Полюбил меня молоденький попок,

Посулил мне в полтора рубля платок…

Я отрядил для караула трезвых и надежных мужиков и заставил их попеременно бить в колотушки. Но толку из того не получилось. Как мы думали, так оно и вышло. Мужики, еще с базара приехавшие подпоенные кулаками, начали избивать домочадцев. Гомон перебрался вскоре на улицу. А окна кулацких домов были занавешены и молчаливы. Угощение производилось у шинкарок. Тут-то пожалели мы, что плохо боролись с ними в свое время. Мы приказали тем, которых знали, потушить огни в своих избах и запереться, но и этим не предотвратили бед. Шинкарок на селе было вдвое больше, чем мы думали, и когда комитетчики торжествовали свою победу на одном конце села, они не видели поражения на другом. И буйство, надо сказать, разрасталось.

Я зашел к председателю совета и сказал:

— Иван Кузьмич, бесчинствует народ, разве не видишь? А время, знаешь, какое, — время критическое, оно обязывает нас к трезвости. Не к чести нашей эти гульливые деньки…

— Ишь ты, какой тороватый, из молодых, видать, да ранний, — ответил он, отнимая от губ блюдце с морковным чаем. — Когда хлеб наш делите, совета не спрашиваетесь, а вот пришло к вам худо — ко мне бежите… Сами, братец ты мой, кашу заварили, сами и расхлебывайте… Советская власть расплачиваться за ваше шельмовство не намерена.

Шинкарки в эту ночь распродали весь запас самогона. Кулаки с особым усердием старались споить молодежь. Но какая то была молодежь? Парней старше двадцати лет тогда не могло быть в деревне. Притом же подавляющее их большинство льнуло к комитету. Но самогон пили все, падкие на даровщинку. Говорят, Филипп Смагин выставил им две кадушки в этот вечер.

К полуночи пьяные ватаги шатались по улицам, дразнили собак, громко вскрикивали и горланили песни:

Ты зараза, ты зараза,

Черноброва, черноглаза.

За тебя, моя зараза,

Били мальчика два раза.

И на всю улицу солоно «выражались», выкрикивая имена ярых комитетчиков.
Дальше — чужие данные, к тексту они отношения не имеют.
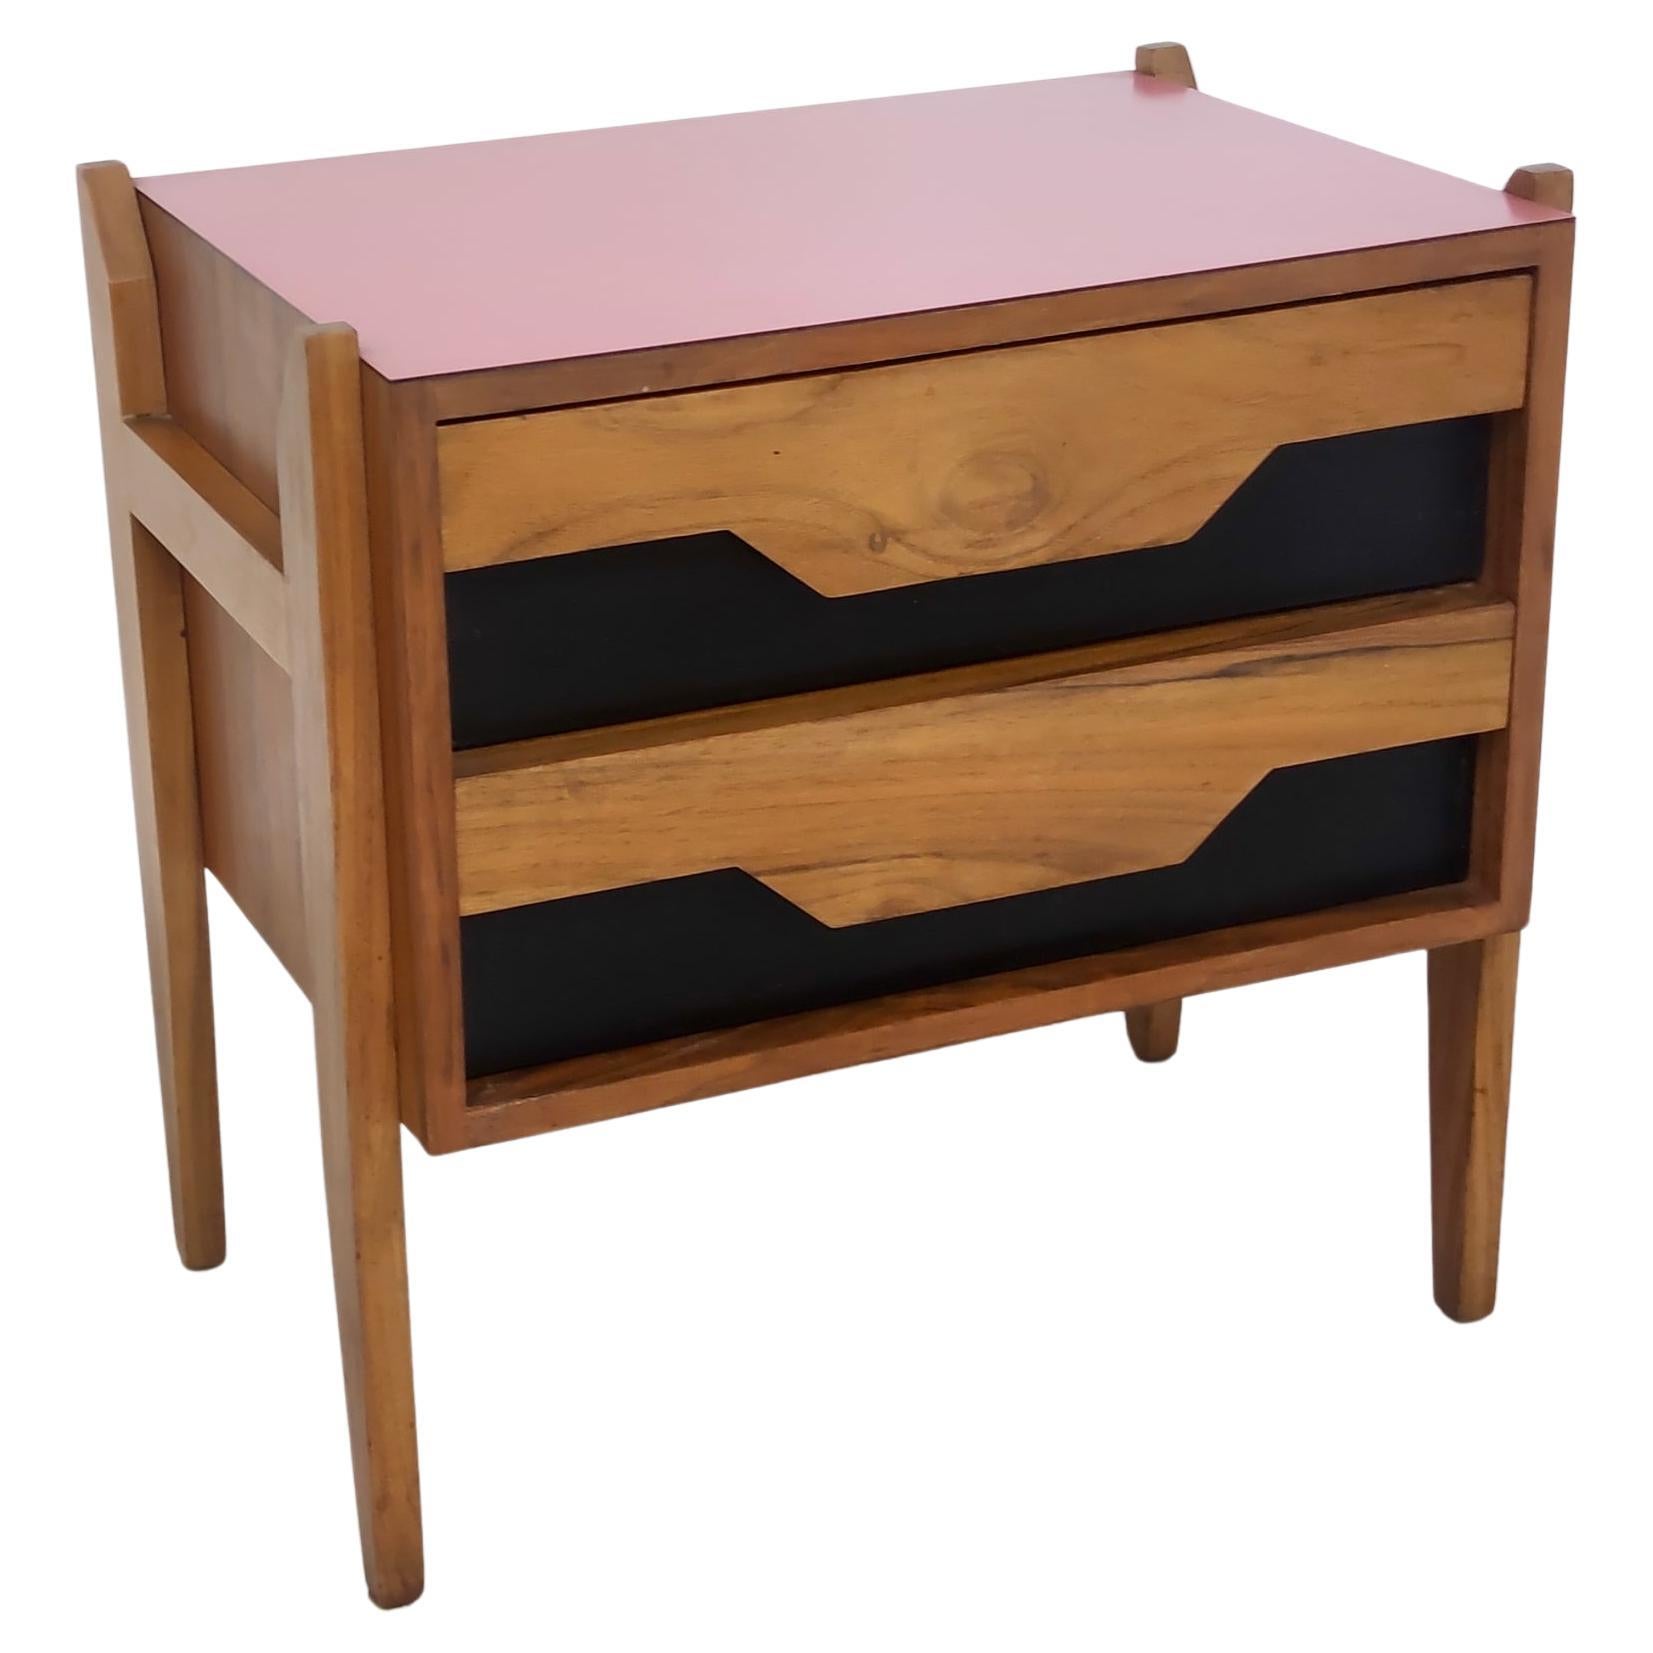 Vintage Walnut Nightstand attr. to Ico Parisi with a Pink Top and Black Drawers For Sale

В осенней непроглядной тьме выкрики эти мешались с визгом преследуемых девок и жалобами обеспокоенных матерей. Село тревожно дышало в ожидании обычных скандалов. Огни теперь были погашены, и домохозяева сидели на завалинках и стерегли свои соломенные повети. Ночь беззвездная да темная, темень — чисто чернильная. В этой тьме то и дело раздавались голоса караульщиков:

— Стой, кто идет?

— Я.

— Кто ты?

— Я, Иван.

— Какой Иван?

— Иван Сидоров, что ты не видишь, что ли?

— Кто тебя увидит в темноте, непутевая твоя харя. Хлобыснул, зверь-воробей?..

— Хлобыснул, дядя Яким…

— Ну, иди спать.

— Ишь ты, какой первоначальник… в этом пьянстве да буянстве, прижиме да зажиме я в сарай пойду.

— В какой сарай?

— К Сильверстихе… Бог свидетель, ночью у нас все в порядке.
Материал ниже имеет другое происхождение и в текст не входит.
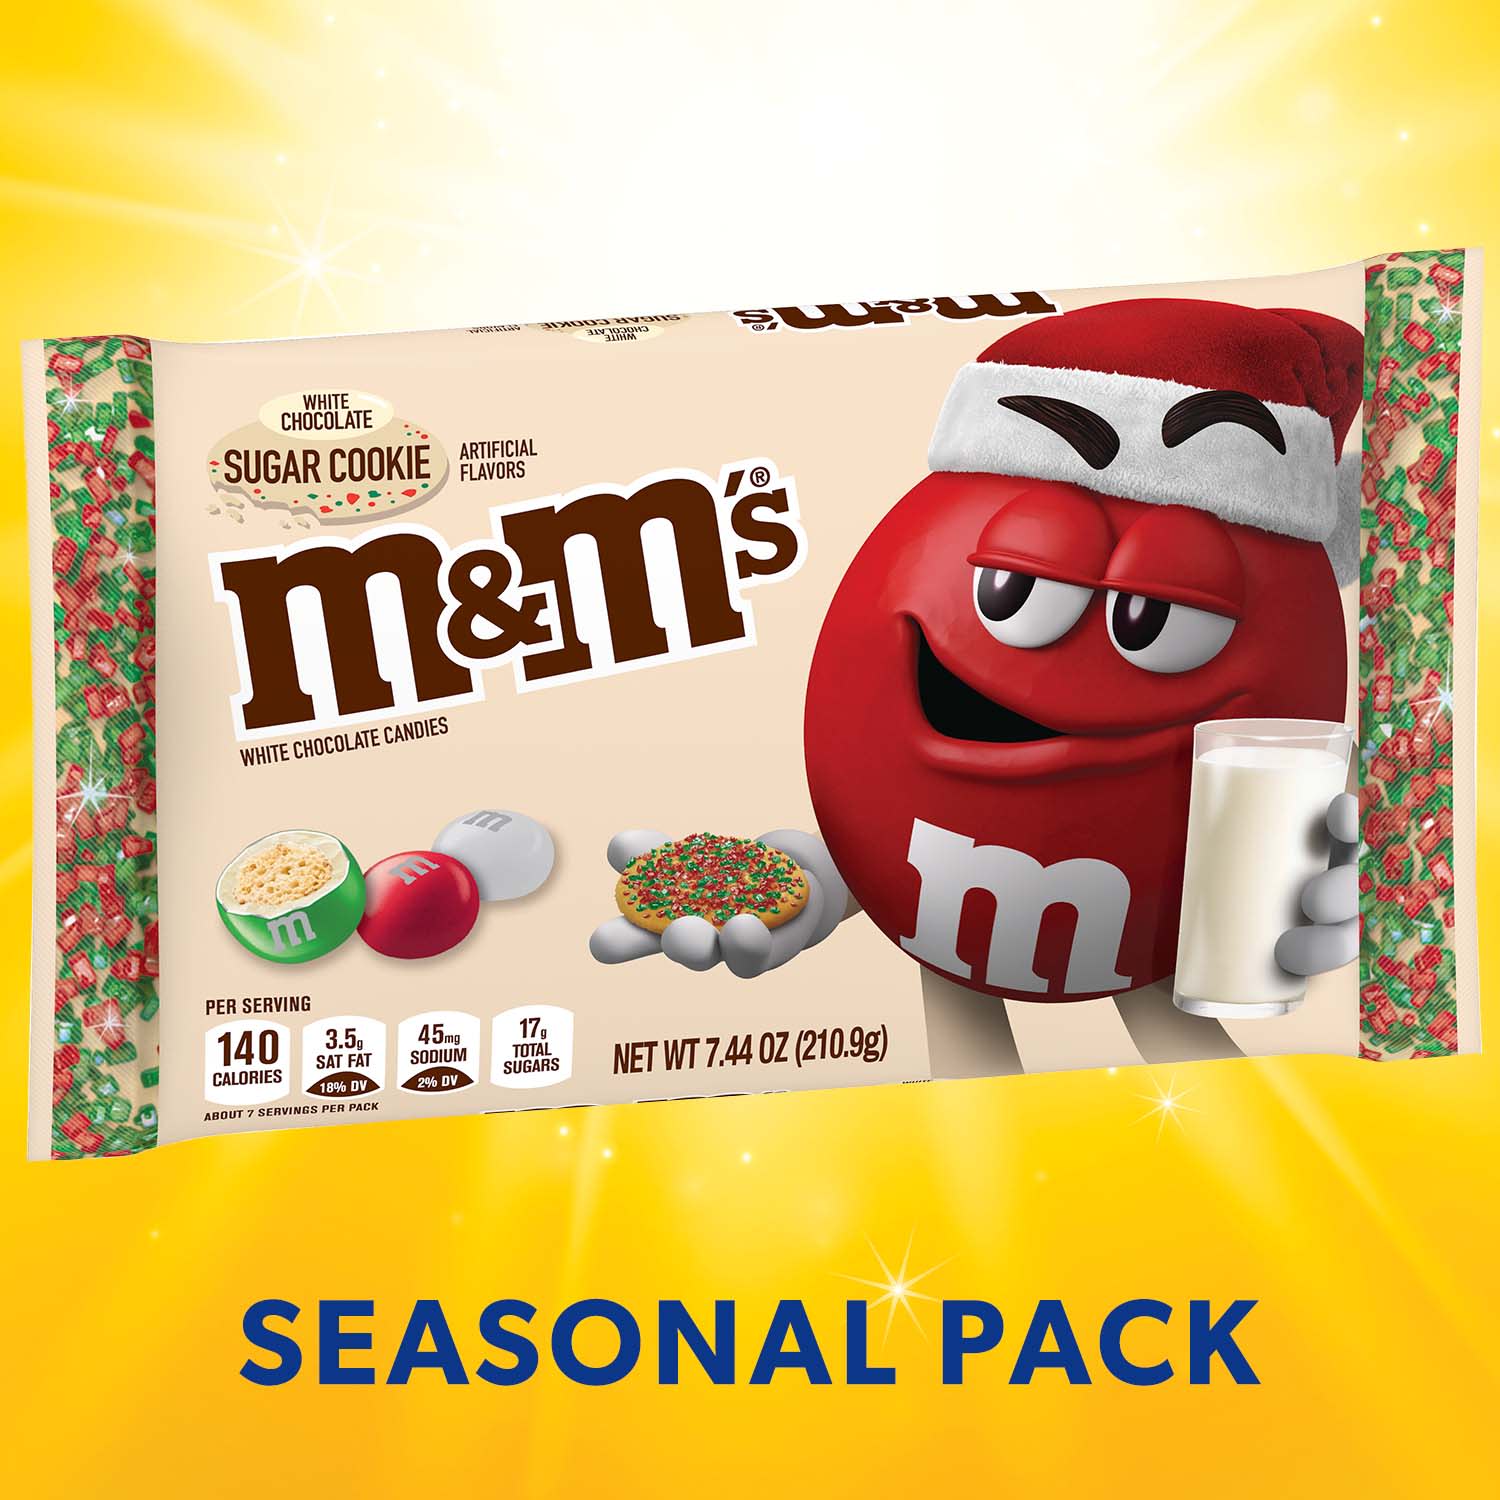 M&M'S Christmas White Chocolate Sugar Cookie Candy - image 4 of 10

— Полно, дурак, — раздается рядом голос жены, — я тебя домой веду, а ты мелешь пустое.

— Припожалуйте! — вскрикивает мужик. — Сусальное мое золото, зачем же ты меня обманываешь? — И слышно, как он шлепается оземь и придушенно ворчит: — Экая баба необрядная…

А в проулке кто-то трезвым голосом убеждает парней:

— Он мне социализмом в нос тычет каждый раз. А что мне социализм? Духи не больно пригожие…

— Братцы, сестрицы, матушки! — прерывает его суматошный голос — Я вас спрашиваю, кто у нас на селе хозяин?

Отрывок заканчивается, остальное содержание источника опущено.